4) Suppose that d’Anconia Copper retained the $200 million in cash so that it would not need to raise
new funds from outside investors for an expansion it has planned for next year. If it did raise new
funds, it would have to pay issuance fees. Assuming that these fees can be expensed for corporate tax
purposes, the amount that d’Anconia Copper needs to save in issuance fees to make retaining the cash
beneficial for its investors is closest to:
A) $2.0 million
B) $5.5 million
C) $6.5 million
D) $7.0 million
5) Which of the following statements is FALSE?
A) In perfect capital markets, buying and selling securities is a zero-NPV transaction, so it should not
affect firm value.
B) Making positive-NPV investments will create value for the firm’s investors, whereas saving the cash
or paying it out will not.
C) In perfect capital markets, if a firm invests excess cash flows in financial securities, the firm’s choice
of payout versus retention is irrelevant and does not affect the initial share price.
D) After adjusting for investor taxes, there remains a substantial tax advantage for the firm to retain
excess cash.
6) Which of the following statements is FALSE?

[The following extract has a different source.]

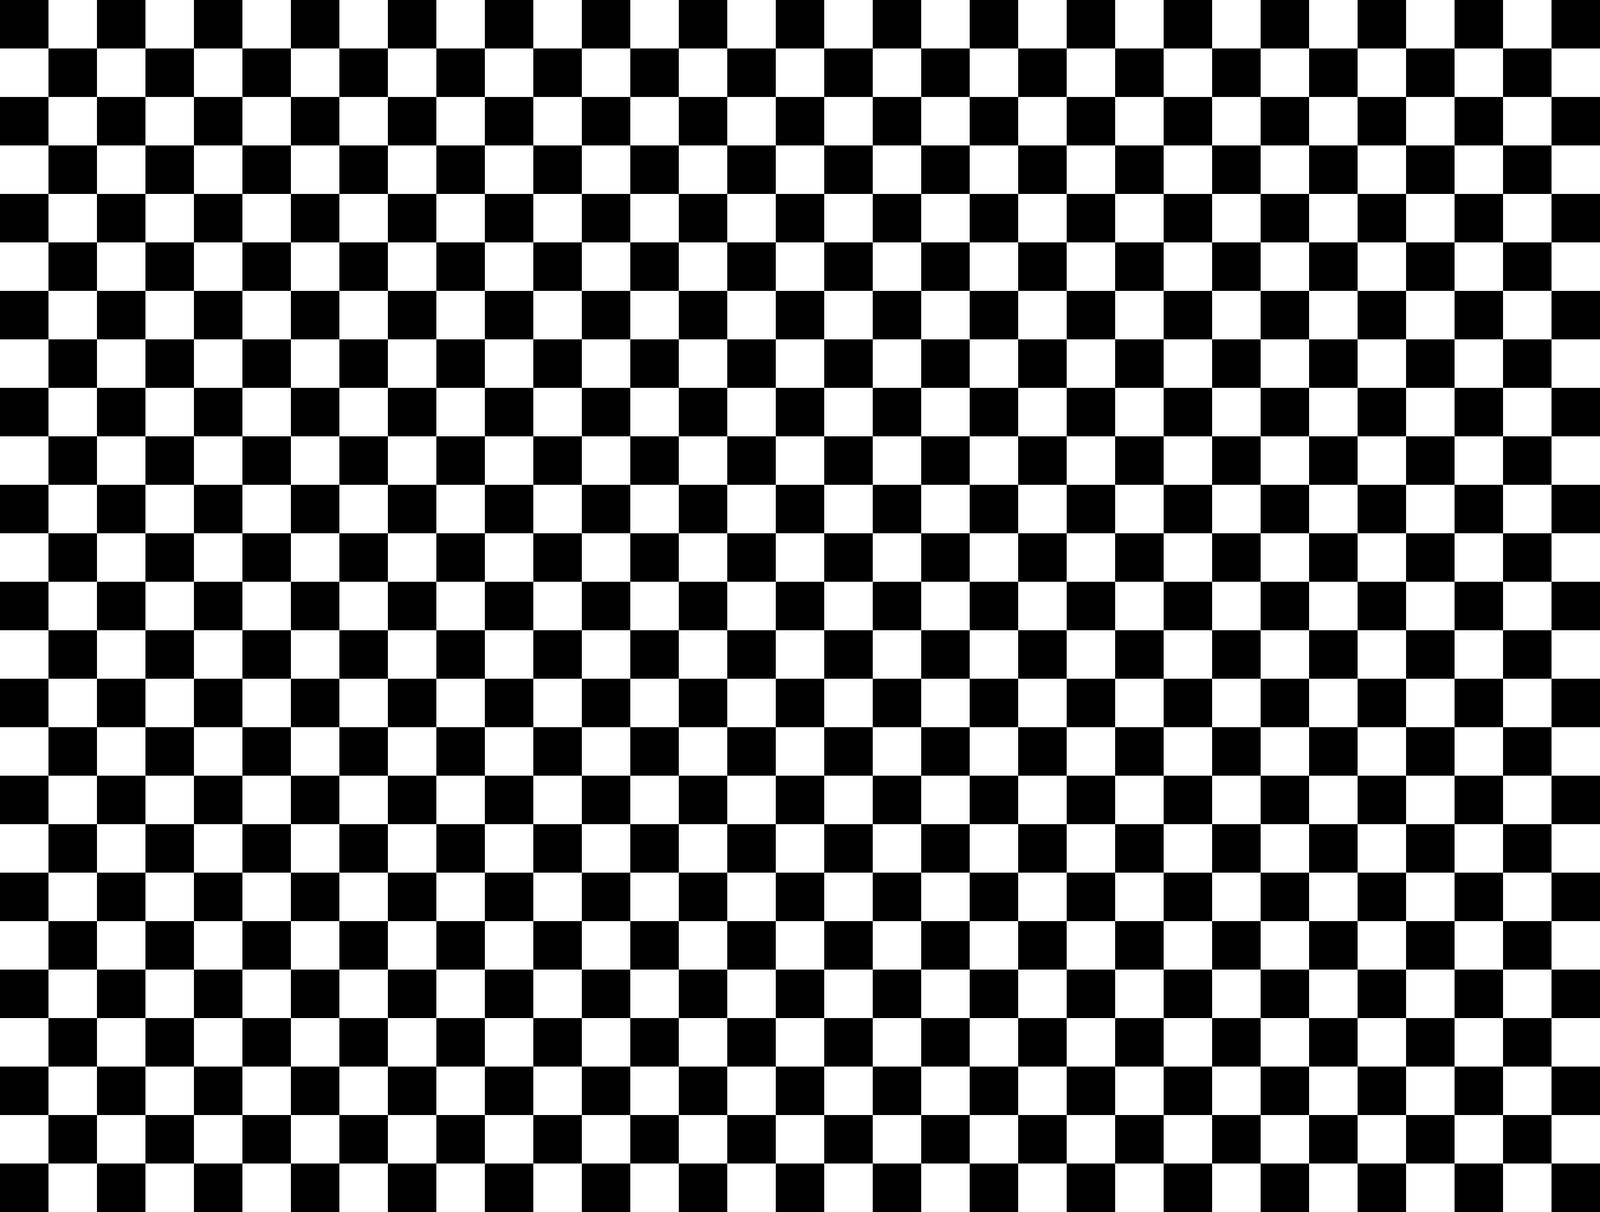 1600x1212px Racing Checkered Flag Wallpaper Borders 1600x1212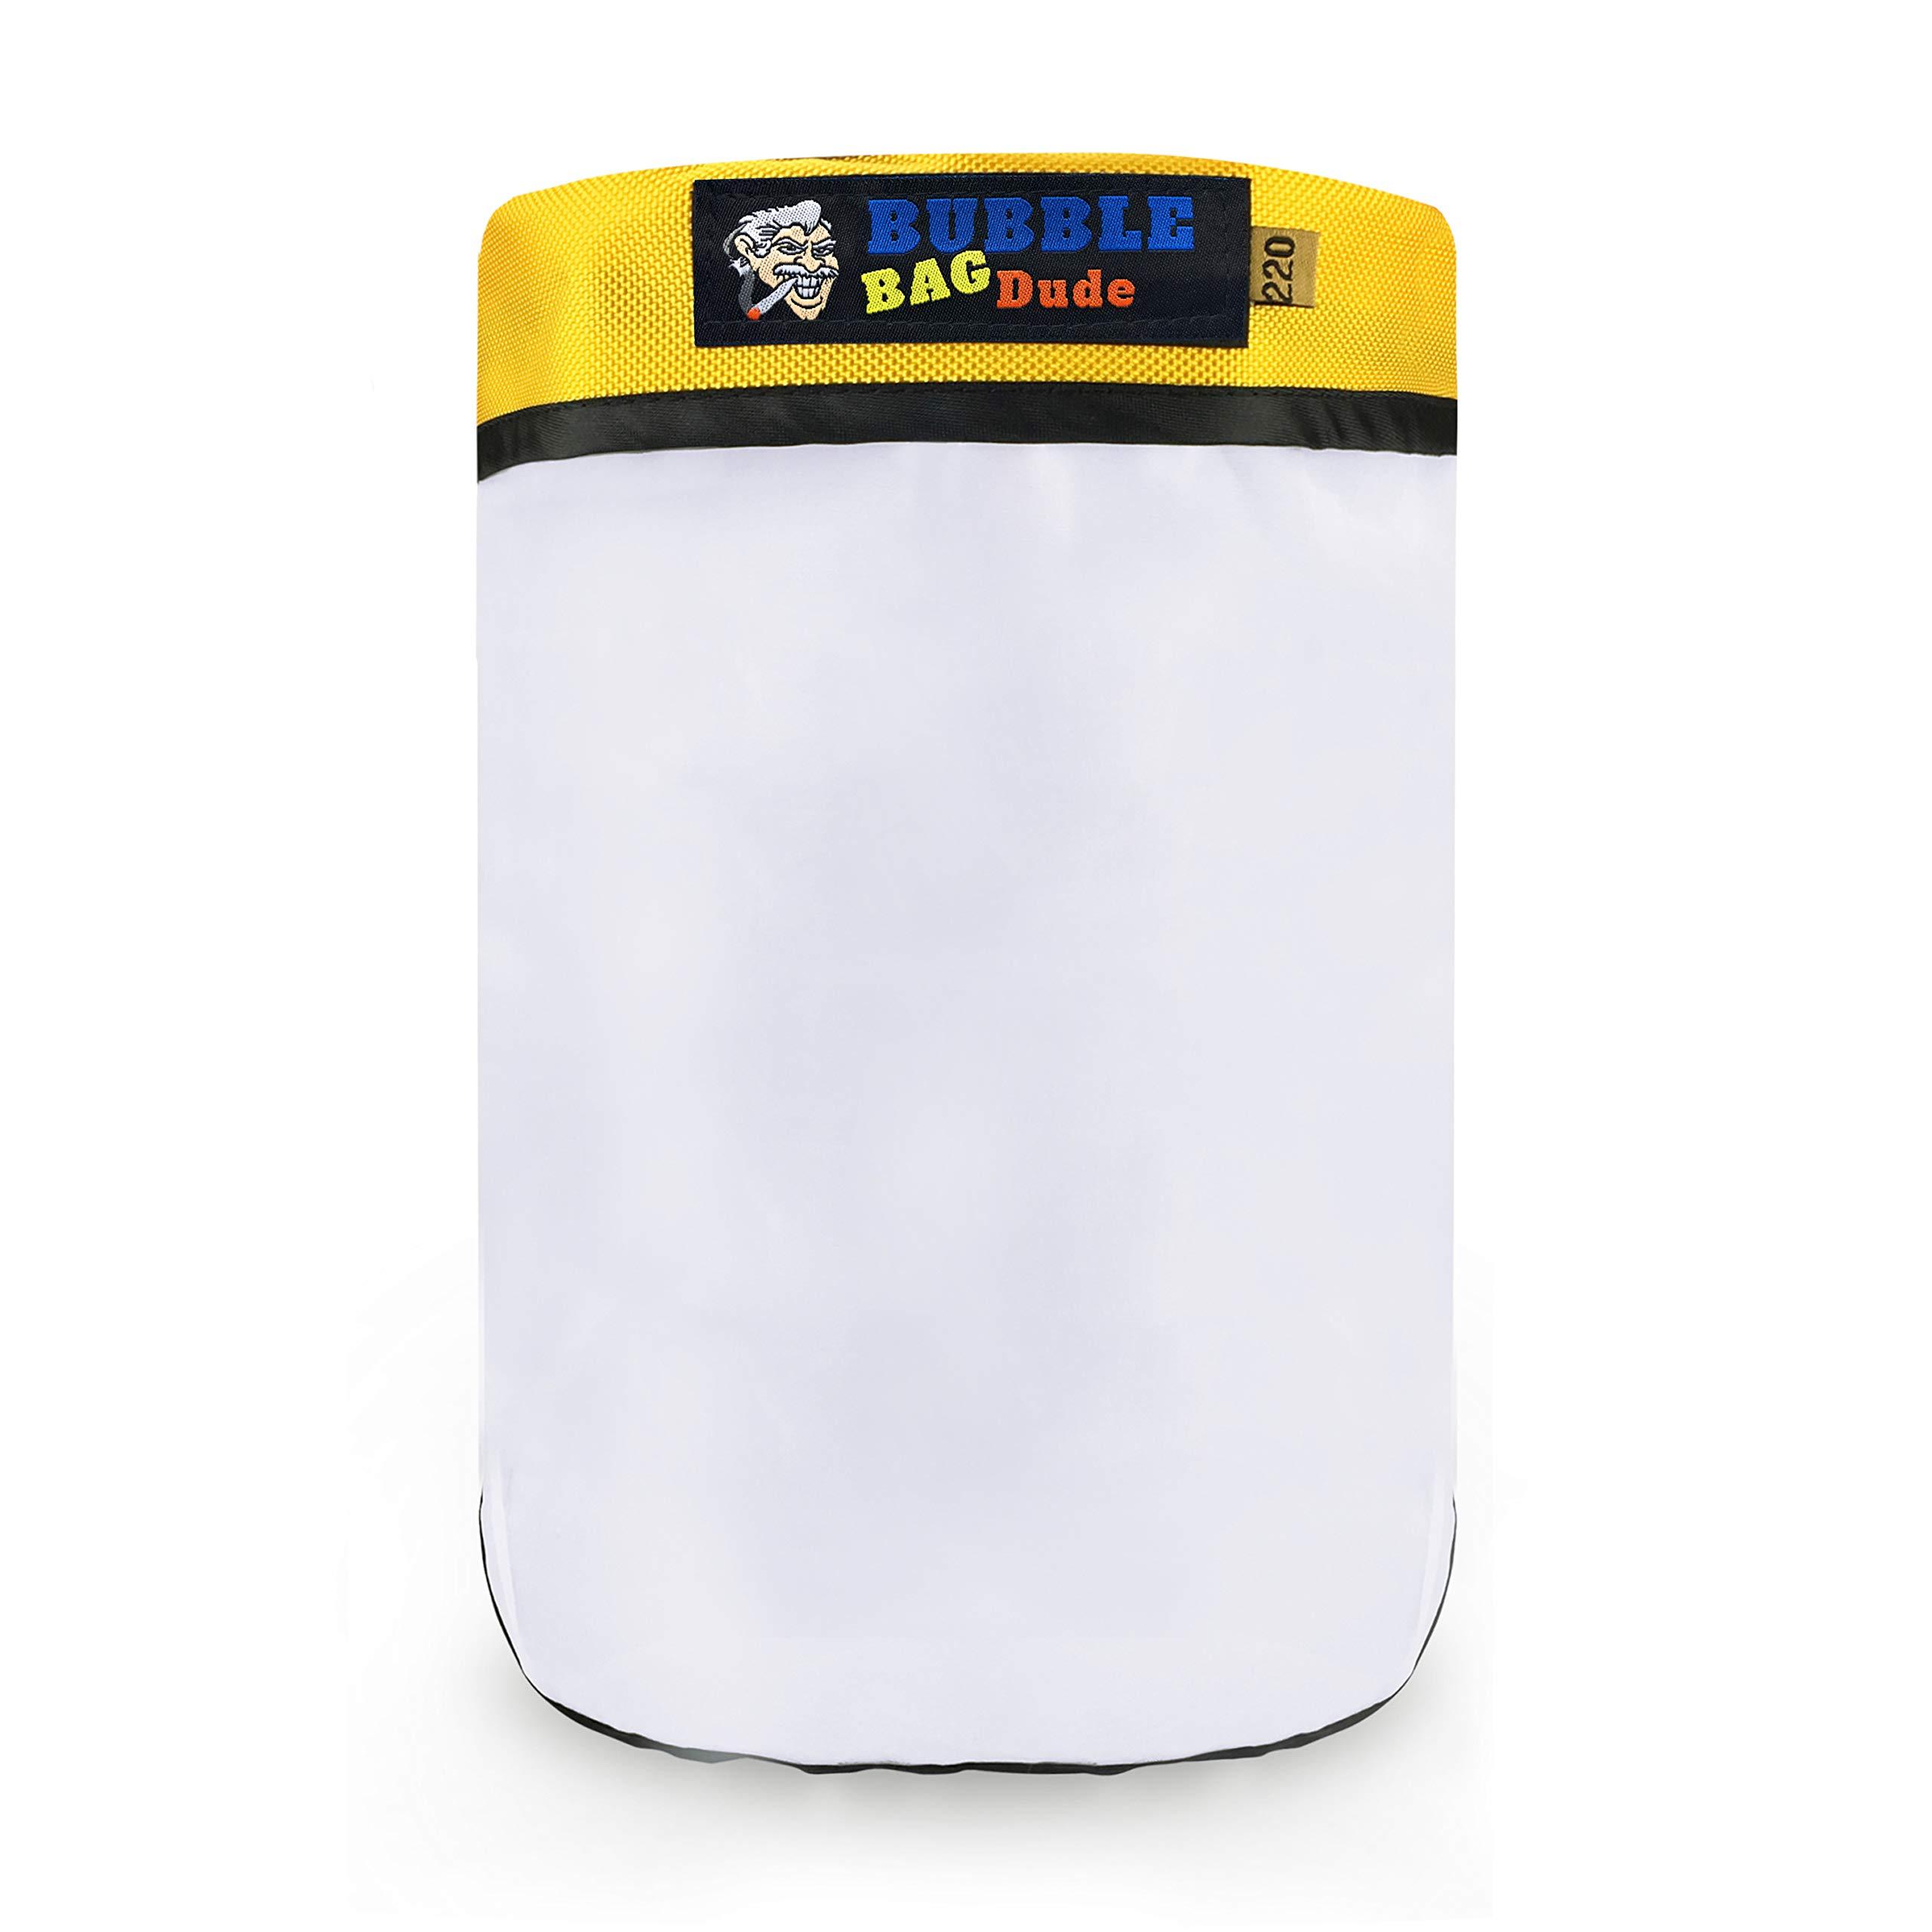 BUBBLEBAGDUDE Bubble Bags 5 Gallon 220 Micron Zipper Bag for 5 Gallon Bubble Machine Herbal Ice Essence Extraction Bag - Reusable Wash Bag

A) A firm must balance the tax costs of holding cash with the potential benefits of having to raise
external funds in the future.
B) Paying out excess cash through dividends or share repurchases can boost the stock price by reducing
managers’ ability and temptation to waste resources.
C) If there is a reasonable likelihood that future earnings will be insufficient to fund future positive–
NPV investment opportunities, a firm may start accumulating cash to make up the difference.
D) According to the managerial entrenchment theory of payout policy, managers pay out cash only
when pressured to do so by the firm’s investors.